Your Candy Wrappers are Listening

Visual microphone reconstructs nearby sound from silent videos of ordinary objects

3 min read
Your Candy Wrappers are Listening
MIT's visual microphone system can reconstruct sound from silent video of candy wrappers, potted plants, and more.
Image: MIT

“I had to double check I wasn’t playing the wrong audio file.”

The first time Abe Davis coaxed intelligible speech from a silent video of a bag of crab chips (an impassioned recitation of “Mary Had a Little Lamb”) he could hardly believe it was possible. Davis is a Ph.D. candidate at MIT, and his group’s image processing algorithm can turn everyday objects into visual microphones—deciphering the tiny vibrations they undergo as captured on video. 

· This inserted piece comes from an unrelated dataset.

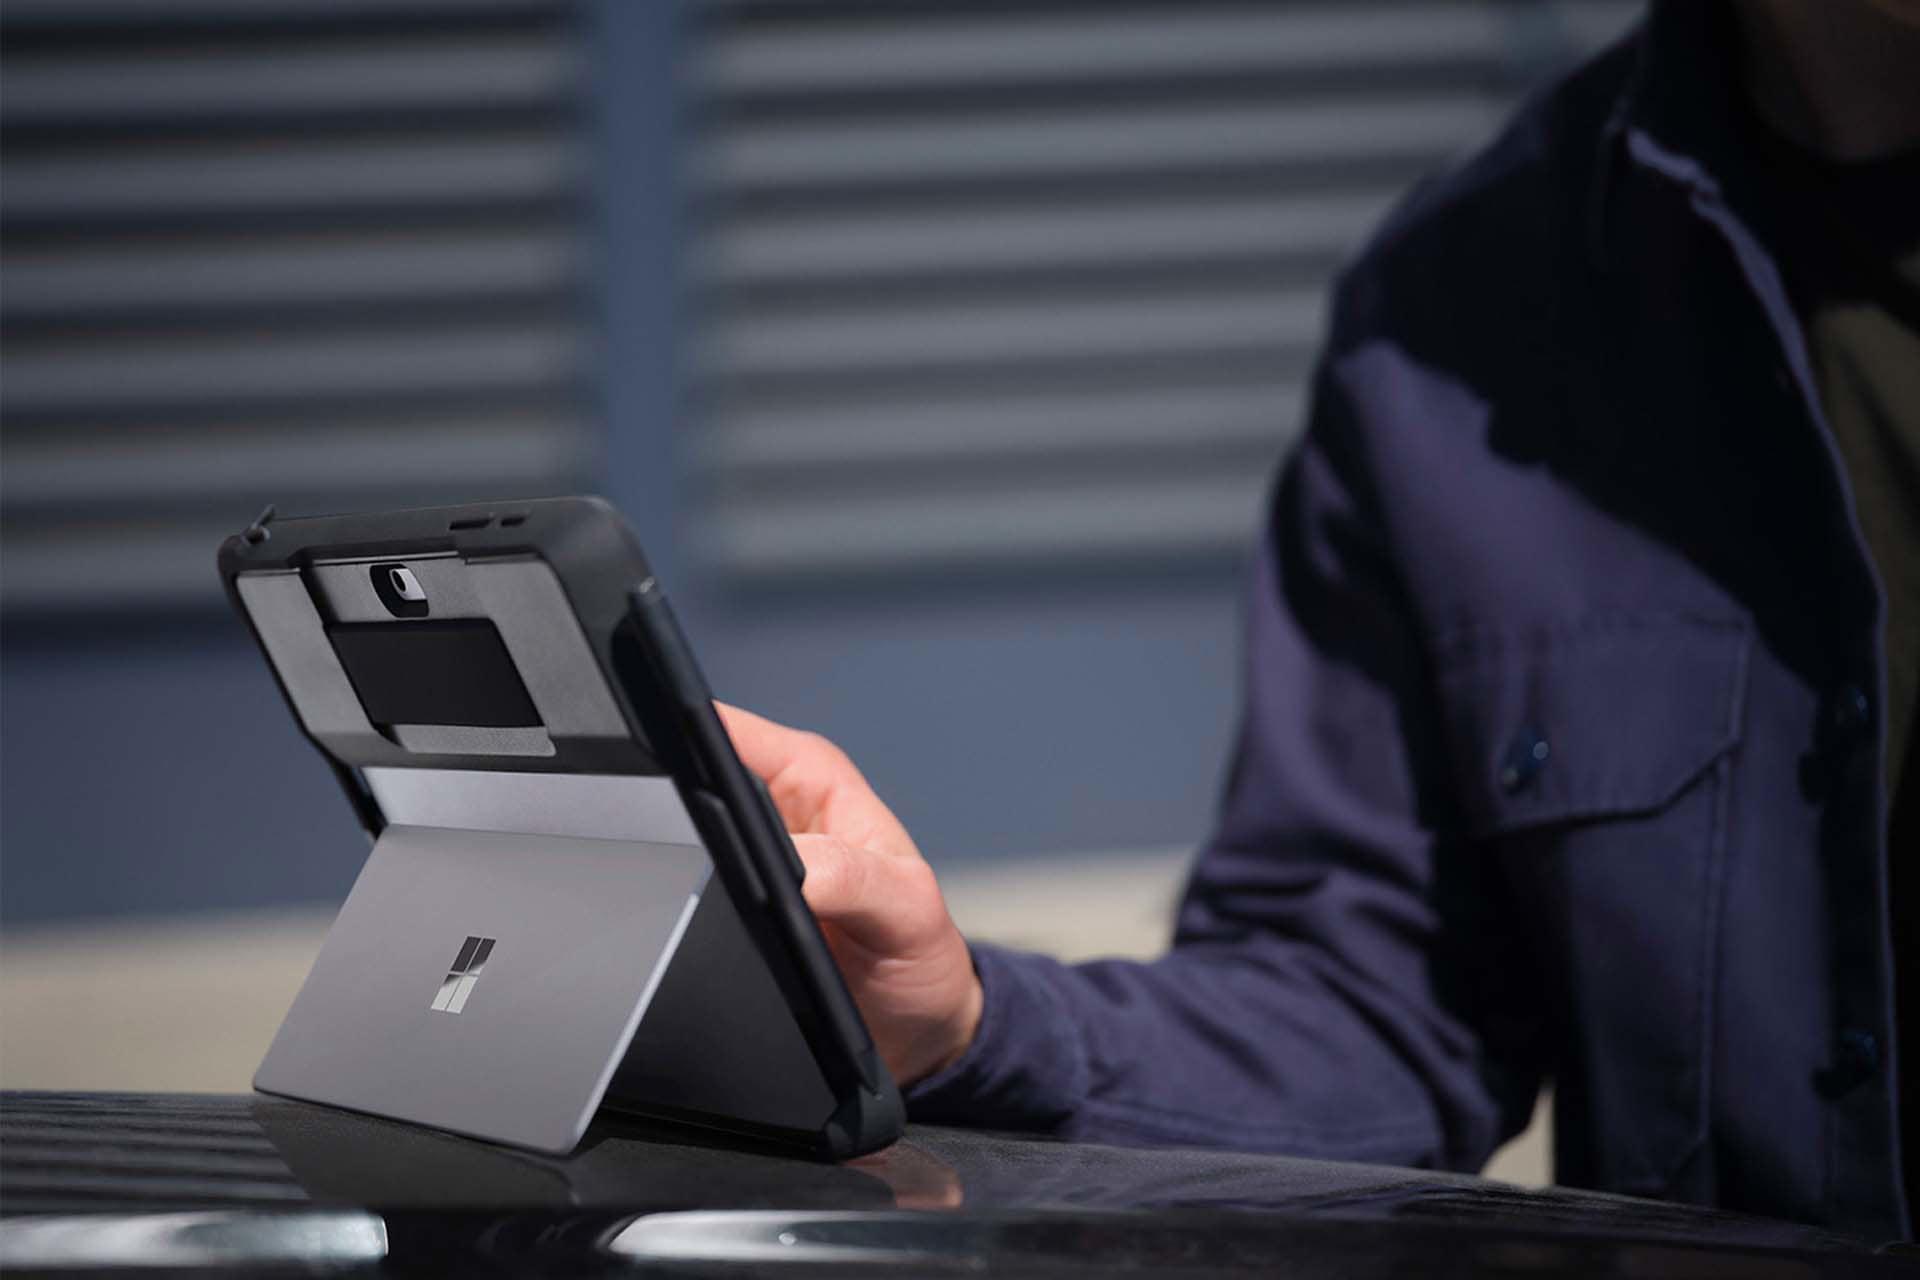 Henkilö koskettaa kotelossa olevaa Surface Go 3 -laitetta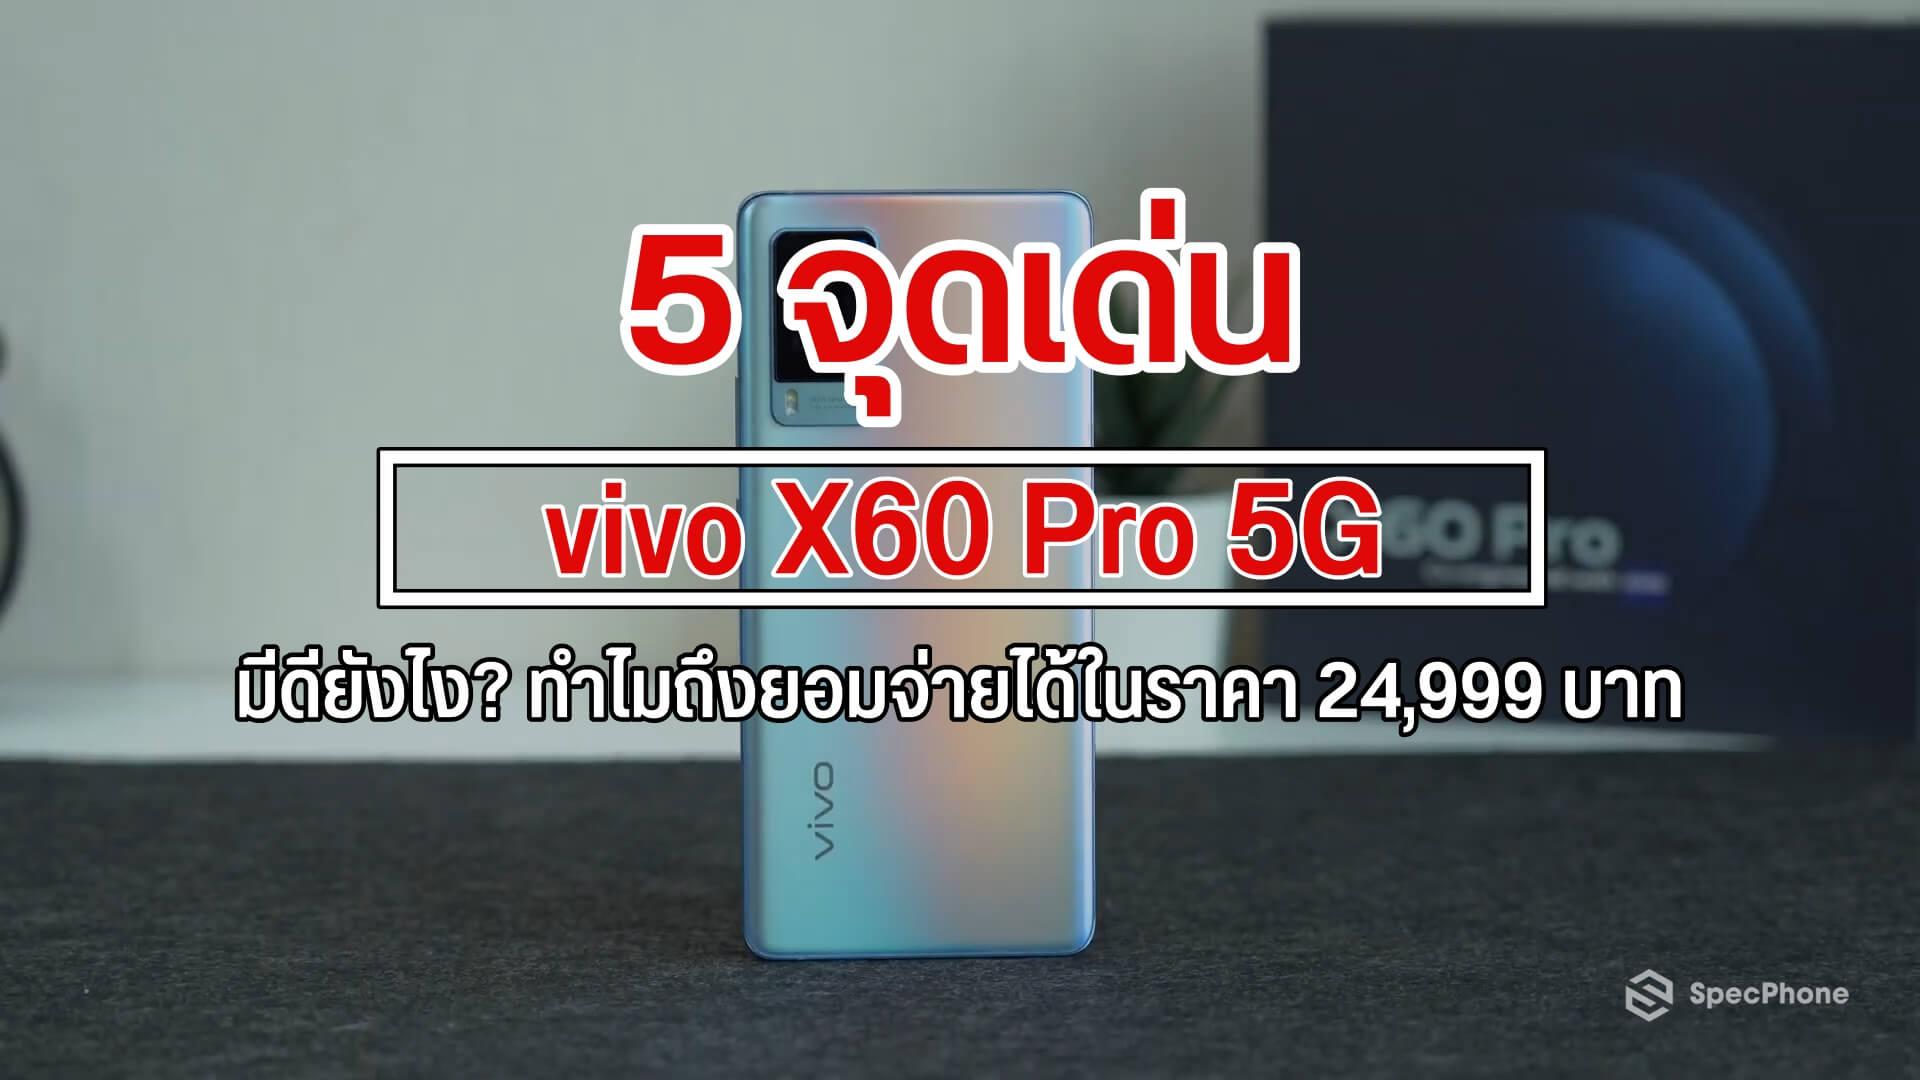 5 จุดเด่น vivo X60 Pro มีดียังไง?? ทำไมถึงยอมจ่ายได้ในราคา 24,999 บาท

The research, which will be presented at the computer graphics conference SIGGRAPH 2014 next week, builds on work from MIT’s Computer Science and Artificial Intelligence Laboratory to capture movement on video much smaller than a single pixel. By seeing how border pixels on an object fluctuated in color, the group’s algorithm can measure and calculate the object's minuscule movements (and even magnify a wine glass’s oscillations when a tone is played or visually reveal a heartbeat under the skin).

“It was clear for us quickly that there’s a strong relation between sound and visual motion,” says Michael Rubinstein, a postdoc at Microsoft Research who worked on this and the earlier CSAIL research. “We had this crazy idea: can we actually use videos to recover sound?”

The first speech recovered from the chip bag can be played below. (Future recordings were much clearer, but probably less funny.)

 

 

According to Davis, previous ways to recover sound remotely require more than just a video camera. By shining a laser on a vibrating object and measuring how the light scatters or how its phase changes, other researchers have been able to pull out detailed data about the sound.

The team’s processing algorithm lets them take a new tack: a completely passive recovery of the sound. By recording objects’ movements on high-frame-rate video, in ambient lighting—no laser needed—they are able to translate the vibrations caused by speech and music back to sound waves, with only a little bit of noise.

The group found that a number of factors affected how well the sound could be captured: for instance, low-frequency sounds were easier than high-frequency, which needed a faster frame rate, and smaller movements required a stronger zoom to catch. Low frame-rate footage from an ordinary digital camera posed a particular challenge because less signal could get through. But because of the way a “rolling-shutter” camera processes inputs, it could be made to exceed its frame rate and gather enough details to recover comprehensible sounds.  

And then there were the test items themselves: “We asked ourselves what objects are going to be good visual microphones,” says Rubinstein. “It turns out those are objects like paper bags, chip bags, and aluminum foil that are very light and kind of rigid.” On those types of objects, the vibrations move the entire object, so there is less noise to filter out.

The group tested an eclectic selection of materials, including a bag of chips (excellent), a soda can (surprisingly mediocre), and a potted plant (average). They were even able to recreate music playing using footage of the vibrating ear buds. The best material of all was the thin foil wrapper on a Lindt chocolate bar Davis had been snacking on.

The worst was a brick, which they intended to use for measuring experimental error. Even that “did better than we expected it to do,” says Davis.

The researchers are learning how to predict how well any given microphone and camera setup will work, and are even looking into analyzing “found” footage—although the compression algorithms most video goes through eliminate the slight variations they need to analyze. The technique could be helpful anywhere sound can’t carry, or even to identify the composition of the objects themselves, and they plan to release the code behind it on the project’s website.

“Most people, their mind immediately goes to espionage and spying,” says Davis. “But I think that probably the most important applications of this are yet to be found. We just discovered the signal is there, and now we can start asking what to do with it.”

“What we’re doing pushes the boundary of what you can do with just cameras,” adds Rubinstein.